Prometheus中動態發現Target和Relabel的應用-知識星球

本文以Consul為例介紹了Prometheus的服務發現能力，適用於在雲平臺/容器平臺的監控場景動態發現Target。同時透過Prometheus的relabel實現多資料中心的監控資料聚合，以及選擇和過濾監控Target。

Prometheus中的Job和Instance

Prometheus主要由一下幾個部分組成：

Prometheus Server：負責採集監控資料，並且對外提供PromQL實現監控資料的查詢以及聚合分析；
Exporters：用於向Prometheus Server暴露資料採集的endpoint，Prometheus輪訓這些Exporter採集並且儲存資料；
AlertManager以及其它元件（……和本文無關就不說這些）

在Prometheus Server的配置檔案中我們使用scrape_configs來定義：

scrape_configs:
- job_name: prometheus
  metrics_path: /metrics
  scheme: http
  static_configs:
  - targets:
    - localhost:9090

其中每一個scrape_config物件對應一個資料採集的Job，每一個Job可以對應多個Instance，即配置檔案中的targets。透過Prometheus UI可以更直觀的看到其中的關係。

Pull vs Push

對於Zabbix以及Nagios這類Push系統而言，通常由採集的Agent來決定和哪一個監控服務進行通訊。

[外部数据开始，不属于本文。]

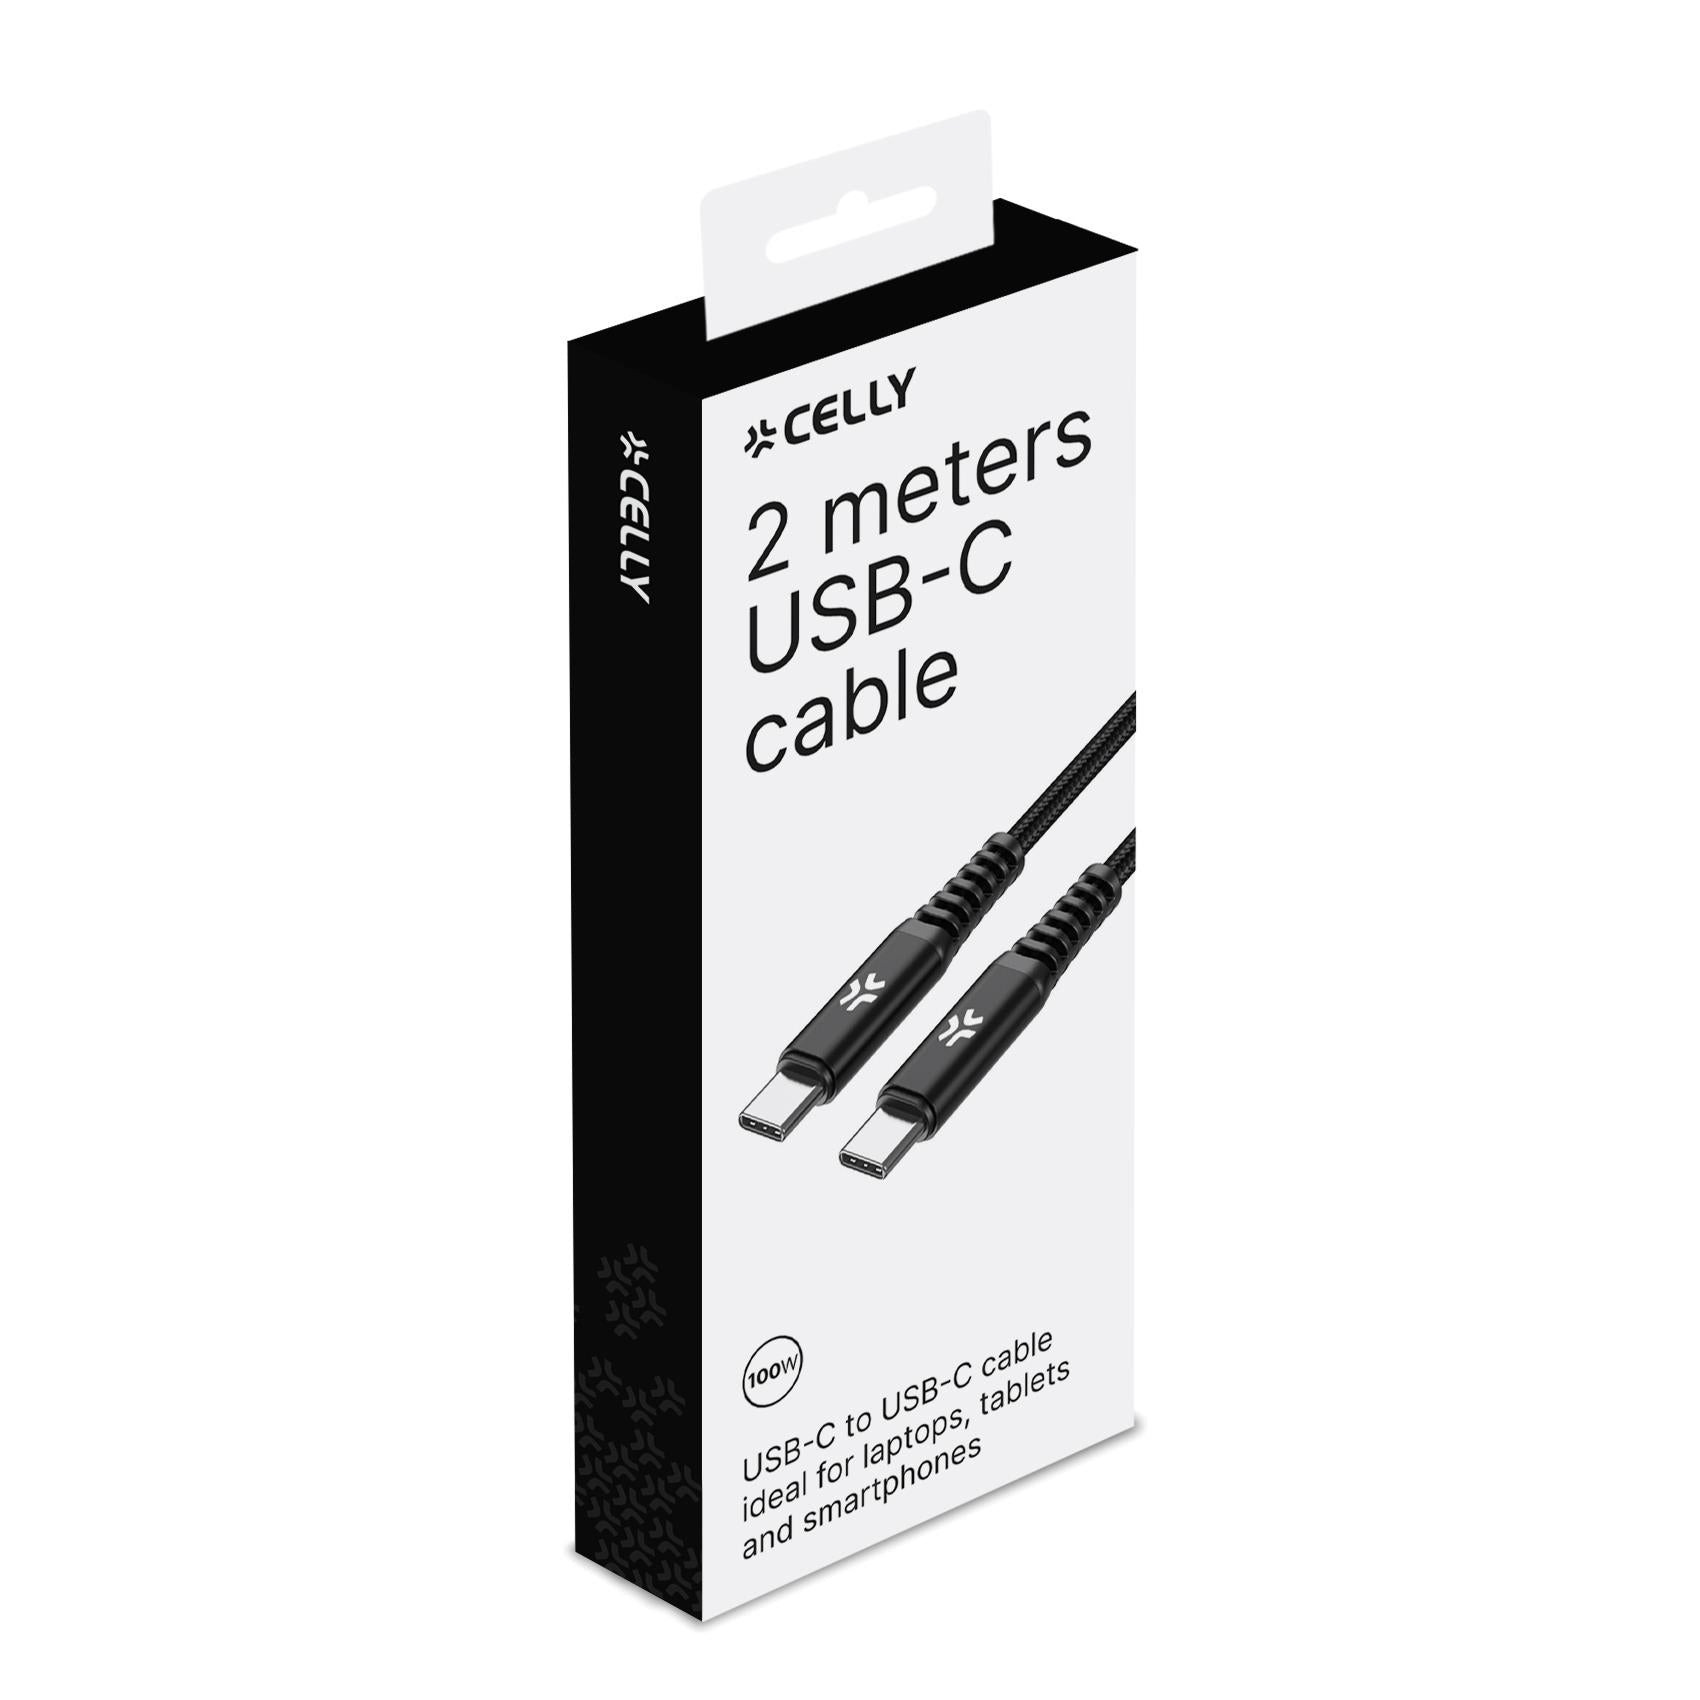 Celly USBCUSBC100W - USB-C to USB-C 2 Meter Cable 100W

而對於Prometheus這類基於Pull的監控平臺而言，則由server側決定採集的標的有哪些。

相比於Push System而言，Pull System：

只要Exporter在執行，你可以在任何地方（比如在本地），搭建你的監控系統
你可以更容器的去定位Instance實體的健康狀態以及故障定位

當然對於我個人的角度來看，Pull System更利於DevOps的實施。每一個團隊可以搭建自己的監控系統，並關註自己關心的監控指標，並構建自己的DevOps Dashboard。

在小規模監控或者本地測試中_static_configs_是我們最常用的用於配置監控標的服務，但是在IaaS平臺（如Openstack）或者CaaS平臺（如Kubernetes）中：基礎設施、容器、應用程式的建立和銷毀會更加頻繁。

那對於Prometheus這樣的Pull System而言，如何動態的發現這些監控標的？

服務發現 Service Discovery

Prometheus支援多種服務發現機制：檔案、DNS、Consul、Kubernetes、OpenStack、EC2等等。基於服務發現的過程並不複雜，透過第三方提供的介面，Prometheus查詢到需要監控的Target串列，然後輪訓這些Target獲取監控資料。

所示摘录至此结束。